La policía no ha detectado a unos cuantos menores que han hecho solos el trayecto porque aún no se han registrado en la oficina de ACNUR. Amelie, una niña camerunesa de 14 años, espera de madrugada en el puerto a que crucen esos seis kilómetros entre Turquía y Grecia un grupo de compatriotas con los que comparte viaje. Su madre la espera en Montpellier. «Vienen en un bote ocho personas. Me llamaron a las cuatro para decirme que ya salían». Amelie pregunta la hora. Son las siete y está amaneciendo. Llama una y otra vez al teléfono de su amiga. Está en medio del mar, sin cobertura.
Abdulá, de 14 años, también ha llegado minutos antes en una patera con su hermano mayor. Preguntarle a estos niños por su origen es un repaso a la geografía del horror sirio: Homs, Raqqa, Kobane… Abdulá viene desde Alepo, una de las ciudades mártires de la guerra. «He pasado mucho miedo en el barco. Es muy peligroso, pero quiero ir a Europa para estudiar y ser profesor», afirma. Su travesía cuenta ocho días desde que salió de casa, pero no ha hecho más que empezar.
Mientras que en nuestro mundo la gente acuesta a sus bebés, una pareja de Deir Ezzor, ciudad controlada por el Estado Islámico, mete a Fátima, de seis meses, en una barquita de juguete con ocho paquistaníes en una zona costera cercana a Bodrum. Desde que murió Aylan en una playa turca, los traficantes han lanzado una oferta tentadora: niños a mitad de precio. Bebés gratis. Esta misma semana han encontrado, flotando en una playa de Psalidi, en Kos, a dos bebés ahogados. No lo busquen en las noticias.

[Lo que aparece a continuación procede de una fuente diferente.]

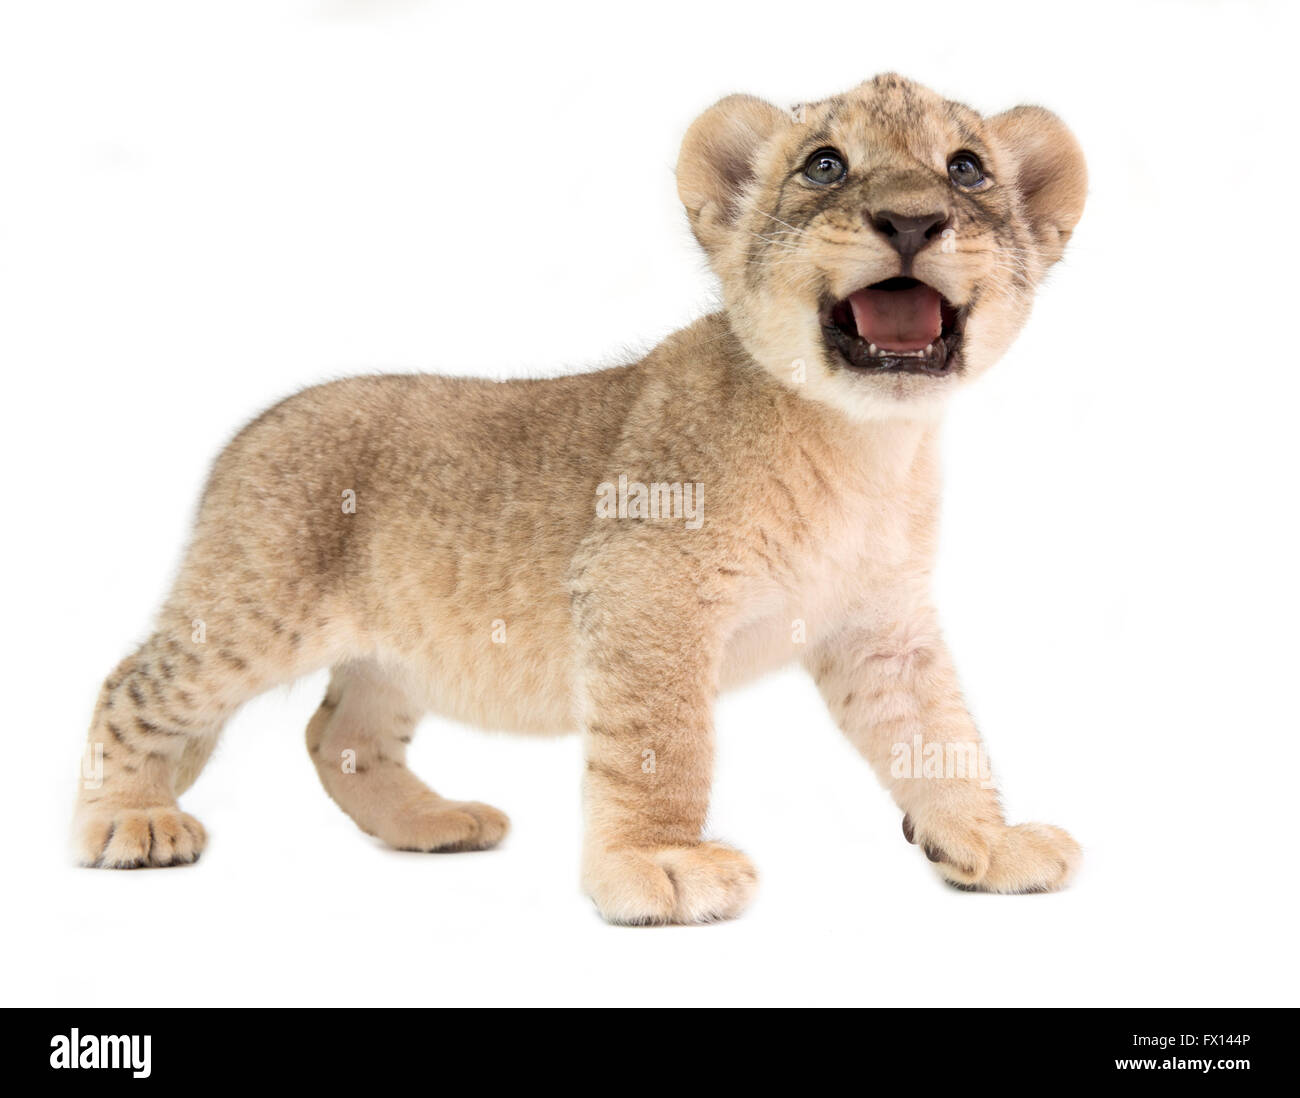 baby lion (panthera leo) isolated on white background Stock Photo
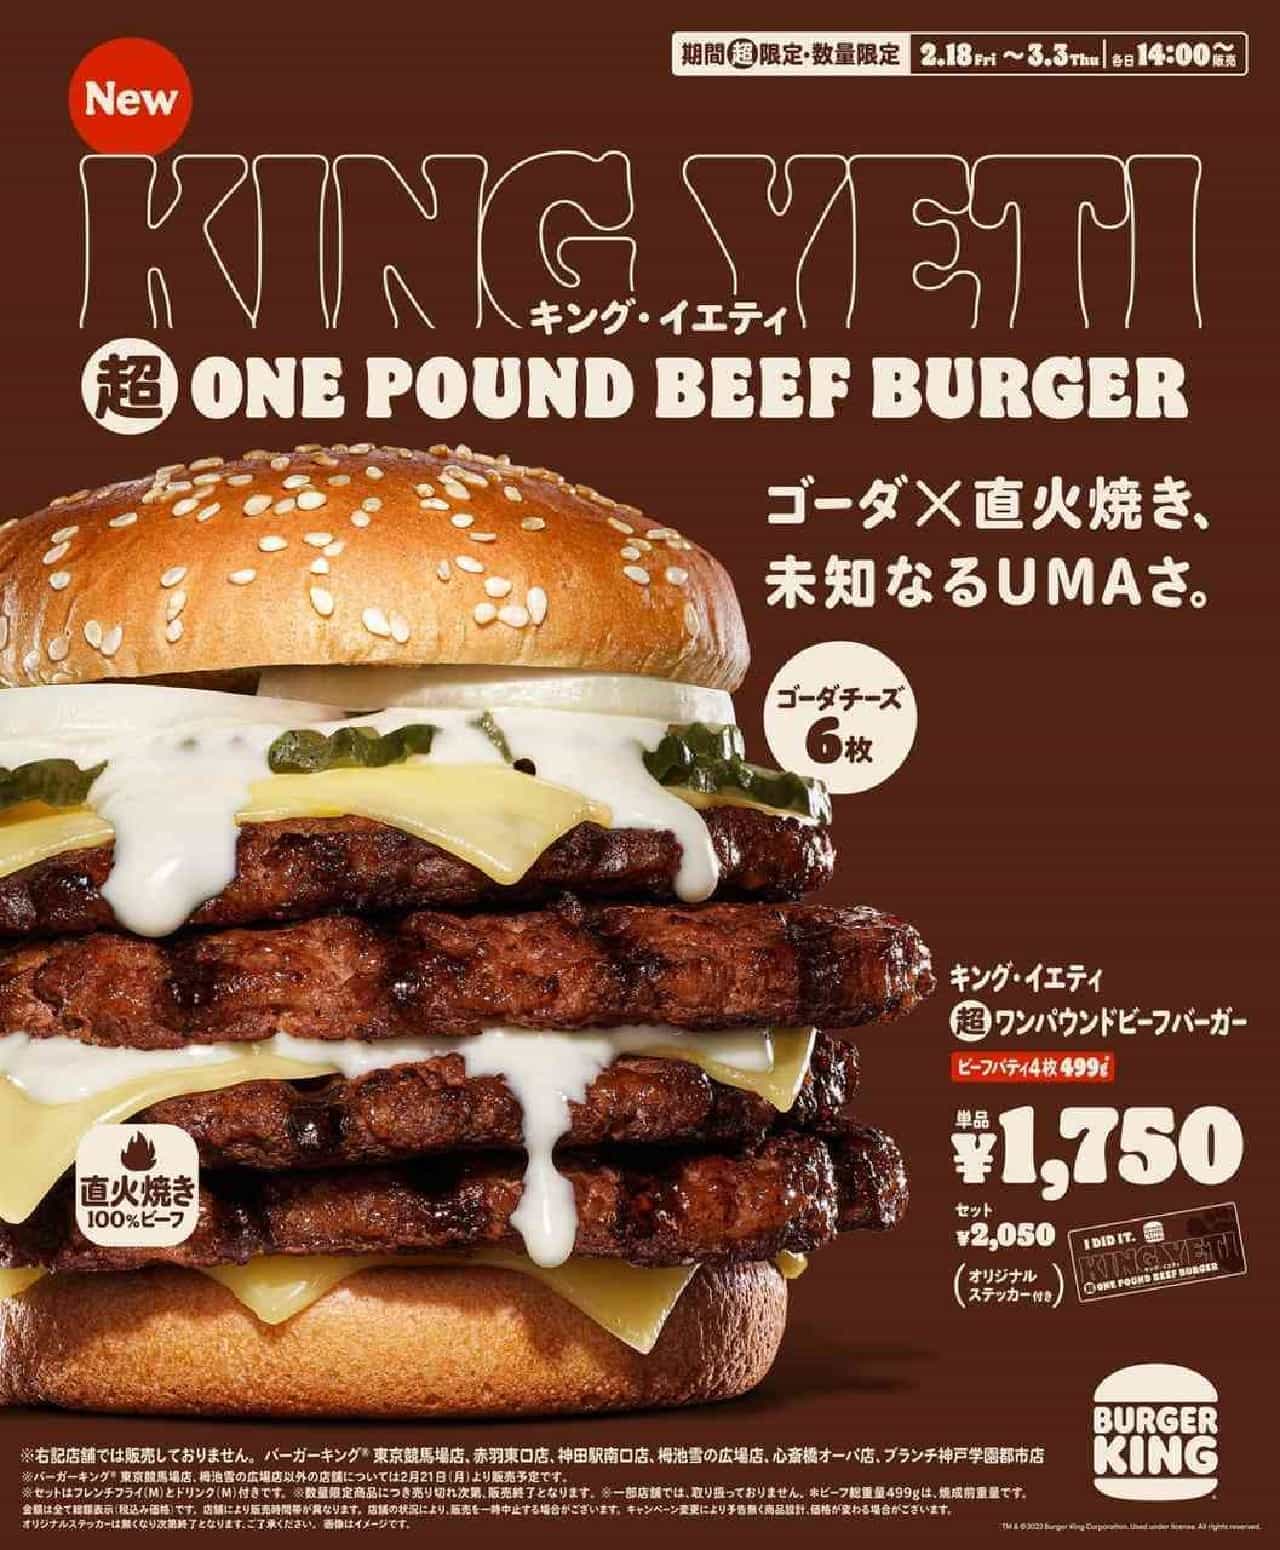 食べ放題で肉４枚の“超大型バーガー”を食べつくせ！バーガーキングでお腹いっぱいの味わいを堪能しよう。

Como no había fotógrafo para retratar sus cuerpos en la arena las noticias les han ignorado.
Hacia esa misma playa, a las siete de la mañana, viaja Fátima, mientras que su padre rema descalzo en la proa con todas sus fuerzas como si le fuera la vida en ello. Porque le va la vida en ello. Apenas consiguen mantener un rumbo por la corriente. Cuando llegan a la arena, el padre, Suleimán, no tiene fuerzas ni para sonreír cuatro horas después de salir de Turquía. Fátima, empapada bajo una manta, llora de hambre y sueño. Su madre saca el móvil de una funda de plástico para que no se moje y hace la llamada a la familia que quedó en Siria: «Hemos llegado».
–Suleimán, ¿cuanto os costó venir en este bote con la niña?
–El dinero que haga falta para salir de Siria. Los billetes no sirven de nada si estás muerto.
Vea en ELMUNDO.es el vídeo-reportaje de Luis Núñez-Villaveirán.
UN VIAJE ENTRE DOS ORILLAS
Enterrados bajo las estadísticas del año de los récords migratorios, 400.000 personas con nombres y apellidos, han cruzado a Europa huyendo de bombas, decapitaciones, limpiezas étnicas y pobreza sin horizonte. Esta es una serie de pequeñas historias entre dos orillas, la turca y la griega, con los individuos como protagonistas: héroes de sí mismos, oportunistas, santos y criminales. Todos ellos saben que se trata del viaje de sus vidas, atravesando al menos seis países, usando tren, barca, taxi, autobús y las propias piernas. La gran mayoría gasta sus últimas reservas económicas, cosidas en bolsillos interiores fuera del alcance de policías corruptos y mafiosos, con el teléfono como principal herramienta para meterse en el juego de los traficantes, los grandes beneficiados de este éxodo sin fin. La mayoría de estas almas errantes son sirias, aunque la Siria que ellos conocieron ya no existe. A todos les asusta la negrura del mar, con cuatro a seis kilómetros de travesía en plena noche, pero tienen claro que es mejor jugársela ante el Egeo que ante las bombas de Asad, Putin, Obama o el Estado Islámico. Cuando cruzan, les espera la hosquedad de la policía griega, los trenes abarrotados de Macedonia, los muros de Orban en Hungría y los ‘tratantes’ de personas en Austria, pero han superado la prueba más dura: el mar cruel.